In Chapter 2, Jones and Hafner discuss data, information, and
knowledge. The differences among these areas is the difference between what we
know, how we know, and what we do with what we know—in other words, how is data
and information constructed into meaningful knowledge.
This reading reminds me of another book, In the Age of the Smart Machine: The Future of Work and Power (1989),
by Shoshana Zuboff. In a chapter called The Information Pantopicon, Zuboff
describes the characteristics of today’s information and knowledge. First, panopticism, from Foucault, (Discipline and Punish: The Birth of the
Prison, (1995) is the design of a prison that induces to the inmate, a
state of conscious and permanent visibility that assures the automatic
functioning of power” (p. 201). In other words, the inmate is observed or
seemingly observed at all times. The design of the prison and the tower are
situated in such a way as to give the impression that inmates are under
constant surveillance, which in turn provides the observer with the power to
control them. They, in fact, Foucault indicates, police themselves because they
are under the impression that they are constantly being observed (p. 201).

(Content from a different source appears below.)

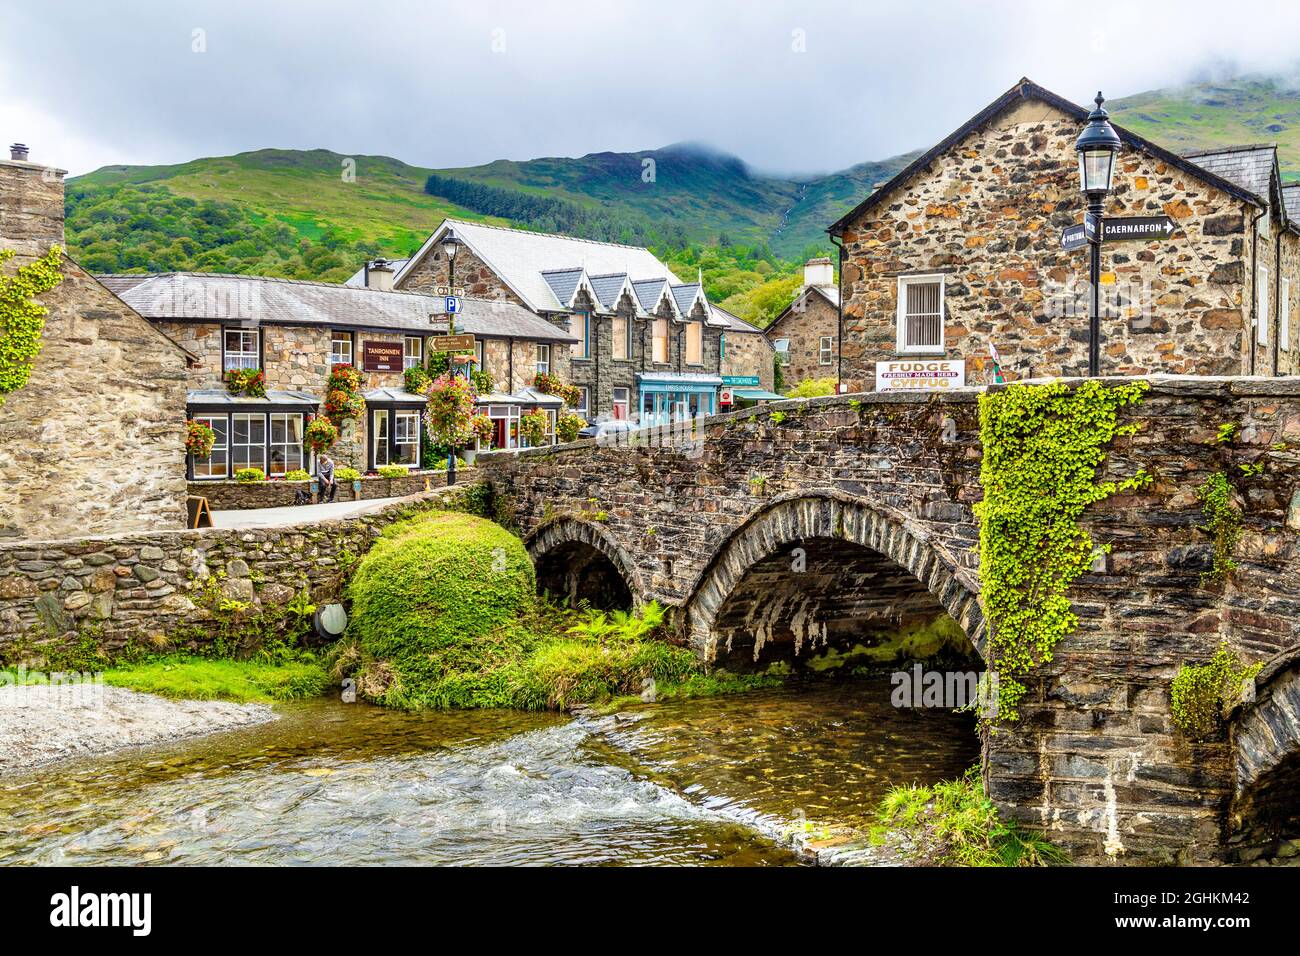 Case in ardesia, ponte e il fiume Colwyn nel villaggio di Beddgelert, Snowdonia, Galles, Regno Unito Foto Stock

Second, Zuboff applies this concept to the information age, looking
specifically at manufacturing. She describes an information panopticon as a digital environment designed to observe
production. She tells the story of a manufacturing plant that installed a
software program linked to the actual production on the plant floor, every
activity. This software told the plant manager everything s/he needed to know
about the amount of production without the manager needing to talk to anyone.

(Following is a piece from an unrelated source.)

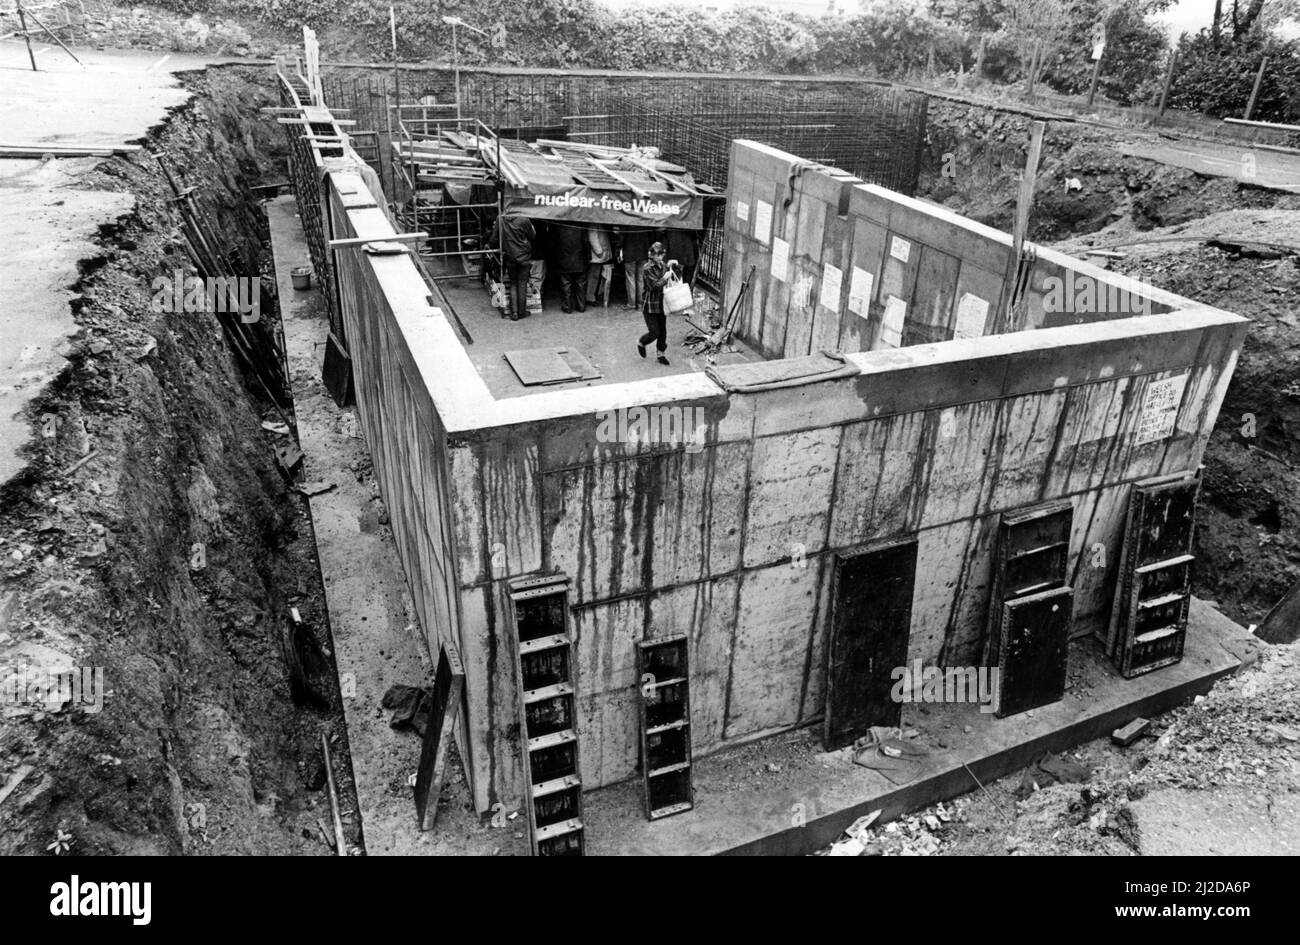 Les manifestants anti-nucléaires établissent un abri dans ce qu'ils disent est le bunker nucléaire partiellement construit du Conseil de district de Carmarthen. Vers septembre 1985. Banque D'Images

This software removed the need for building a social relationship with the
workers.
The information itself is not dangerous; it’s the knowledge that is
constructed from the spreadsheet that demonstrates a different kind of power.
It used to be that plant managers would walk the floor talking to the workers,
getting updated on family information as well as productivity. Now the manager
could sit in an office and simply pull up a spreadsheet to determine how things
were going. The manager was still the one in charge, but workers previously felt
a more personal relationship to her/him, connecting on a more human level. With
only a spreadsheet, managers could now find it much easier to lay off workers,
even fire unproductive ones, without knowing any more than the numbers. I
wonder about the kind of meaning that is being constructed by the manager.
At UNO, faculty have a similar experience in that we must create an
annual report of our activities (teaching evaluations, research, service
activities) using Digital Measures. This software environment enables
administrators to “see” what activities faculty are engaged in simply by
running a report. Having been in an administrative position, I can see why this
software makes everything easier and more efficient (as opposed to wading
through stacks and stacks of papers), but like the managers, the power is
concentrated in the administration with no need for building personal relationships
with faculty. The system affords efficiency and constrain human relations. I
think the data that is collected is constructed and productivity recorded, creating
meaning infused with power. Is that power effective or not effective?